Biotech Stock Mailbag: ASCO, Celldex, Obesity Drug Game-Changer
I also take a rare detour from biotech stocks to write about Zafgen, a privately held obesity drug company. Let's start with ASCO.
Phil K. asks, "What are your expectations for the ASCO meeting now that the abstracts have been released? What will you be focusing on when you get there?"
By this time next week, I'll be on a plane to Chicago to cover the American Society of Clinical Oncology's (ASCO) annual meeting. This is my 12th ASCO meeting. ASCO is the biggest, loudest cancer drug meeting of the year, although some are more investor-worthy than others. Based on recent chats with professional health-care investors, ASCO 2012 is a relatively low-priority affair because the number of stock-moving data presentations is limited.
ASCO meetings, just like life, have their ups and downs, and this year is definitely a more subdued ASCO.
Nothing wrong with that, and investors and scribes like me will still find plenty of interesting data presentations. I'm looking forward to ASCO this year because I may actually have the time to slow down and learn something new instead of sprinting from session to session trying to cover all the news as quickly as possible.

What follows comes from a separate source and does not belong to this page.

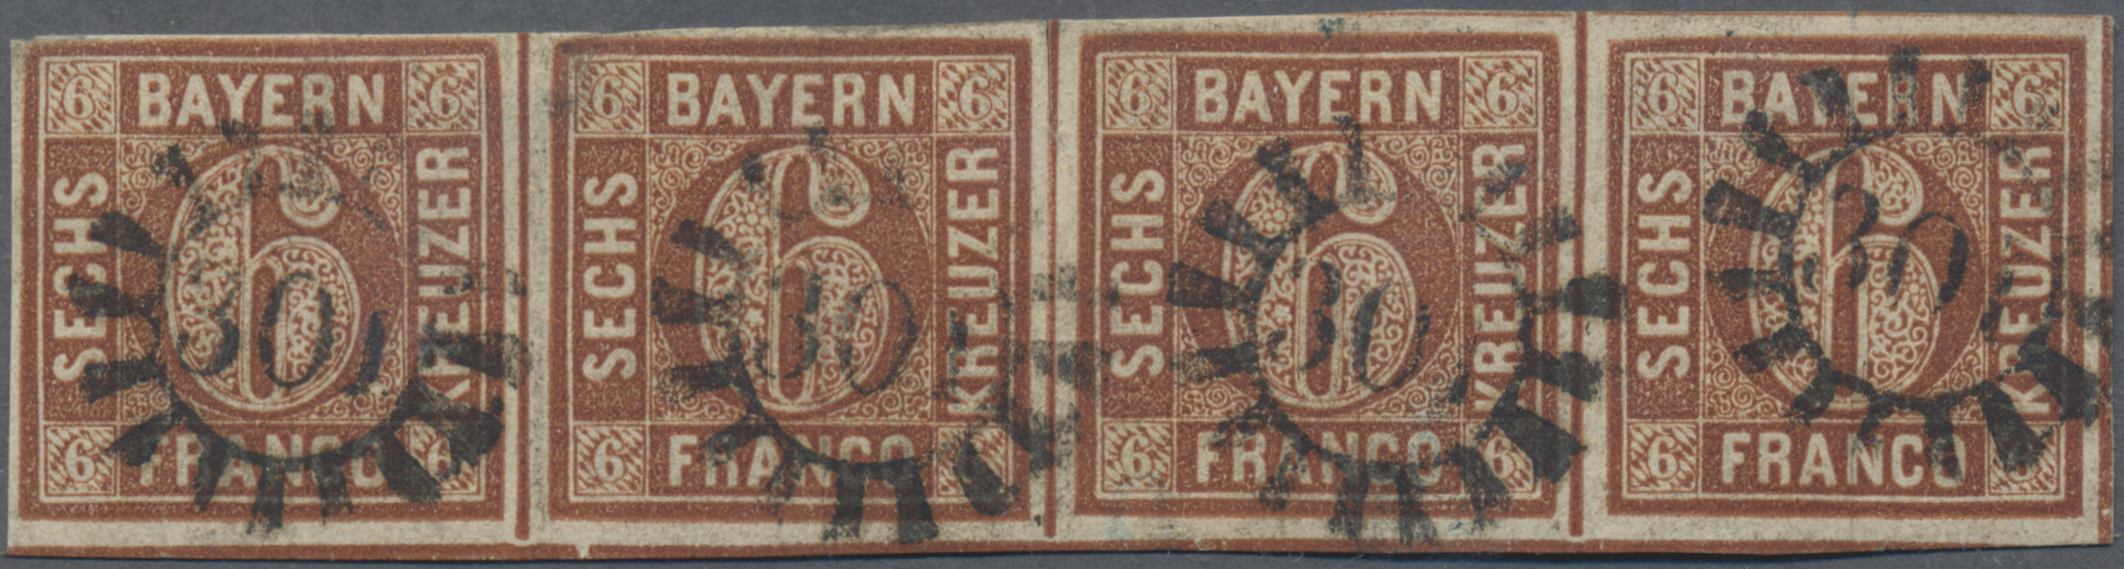 Lot 02143 - Bayern - Marken und Briefe  -  Auktionshaus Christoph Gärtner GmbH & Co. KG 50th Auction Anniversary Auction - Day 7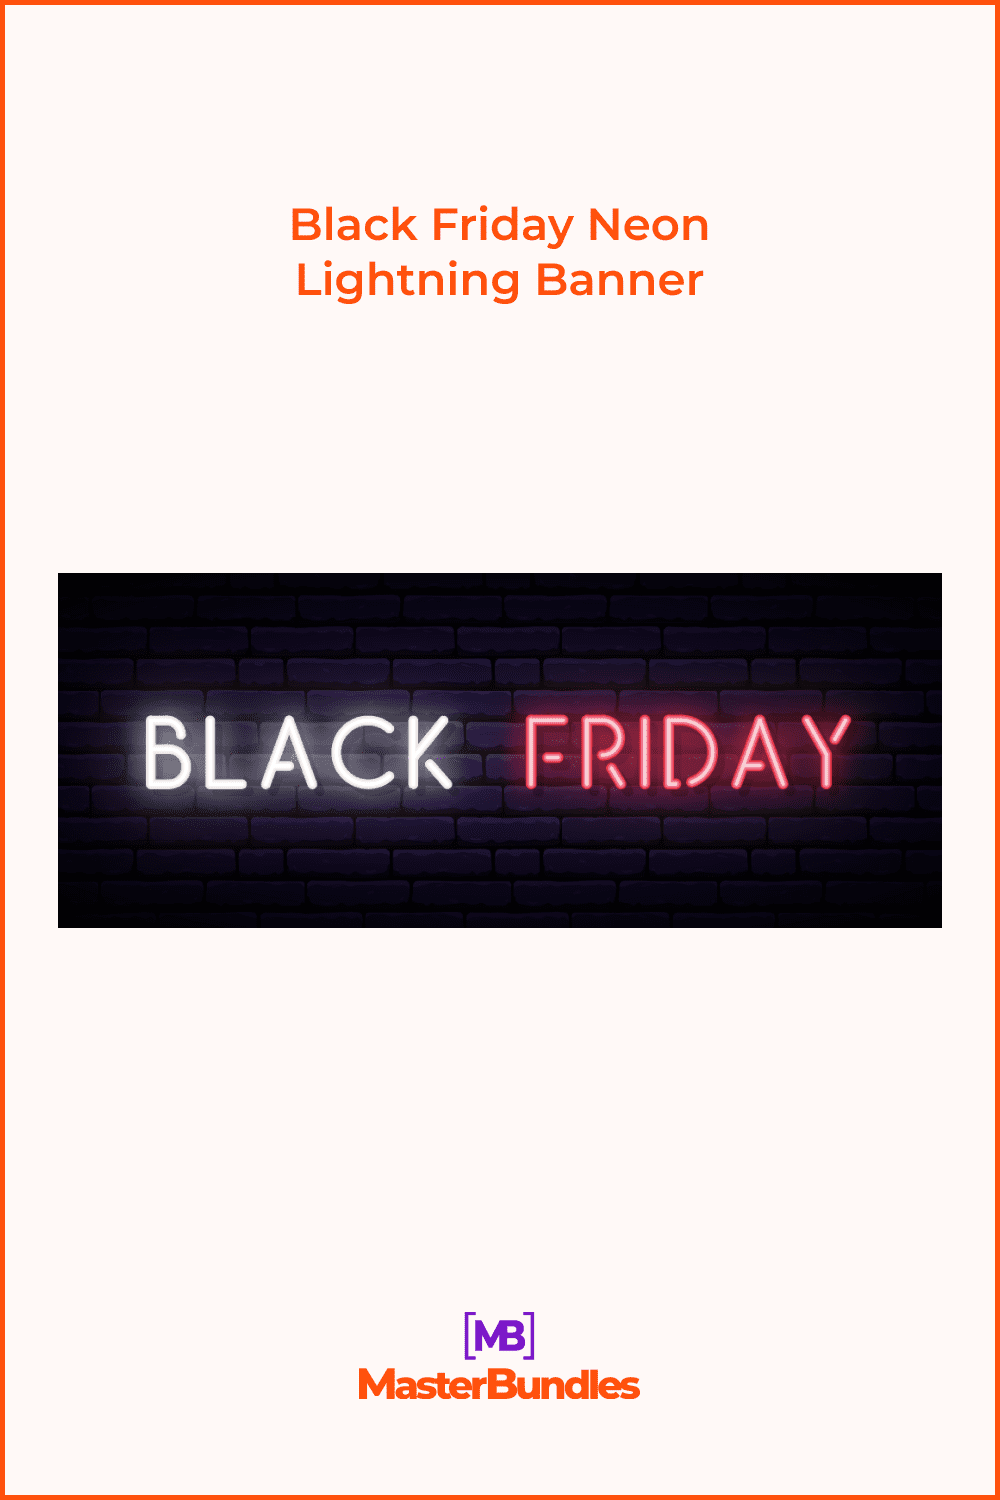 Horizontal Neon Banner for Black Friday.

With that introduction, here is my take on the three ASCO data presentations most likely to make waves with investors when trading opens on Monday, June 4.
J&J will present data from the "302" study of Zytiga in pre-chemo prostate cancer patients. This phase III study was stopped early due to a statistically significant progression-free survival (PFS) benefit favoring Zytiga over the control arm. We also know that overall survival (the more important co-primary endpoint) favors Zytiga but is not statistically significant.
The key question for the ASCO presentation: What's the actual survival benefit in the Zytiga "302" study? The line of demarcation is four months -- that's the survival benefit of Dendreon's Provenge in basically the same prostate cancer patient population. If Zytiga's survival benefit is greater than 4 months (let's call it 5-7 months) J&J and Medivation win and Dendreon loses.
If the survival benefit of Zytiga comes in lower than Provenge, Dendreon wins and J&J and Medivation lose.
What does Medivation have to do with all this? Remember, Medivation is developing MDV3100, a drug similar to Zytiga but with efficacy that (so far) looks better. So, what's good for Zytiga should be even better for MDV3100.
One more important point of focus for the Zytiga "302" data: Why isn't the survival benefit statistically significant and what does that mean for the overall analysis and interpretation of the data? It will be interesting to hear from the presenters on this point and to see how oncologists react once all the data is aired publicly.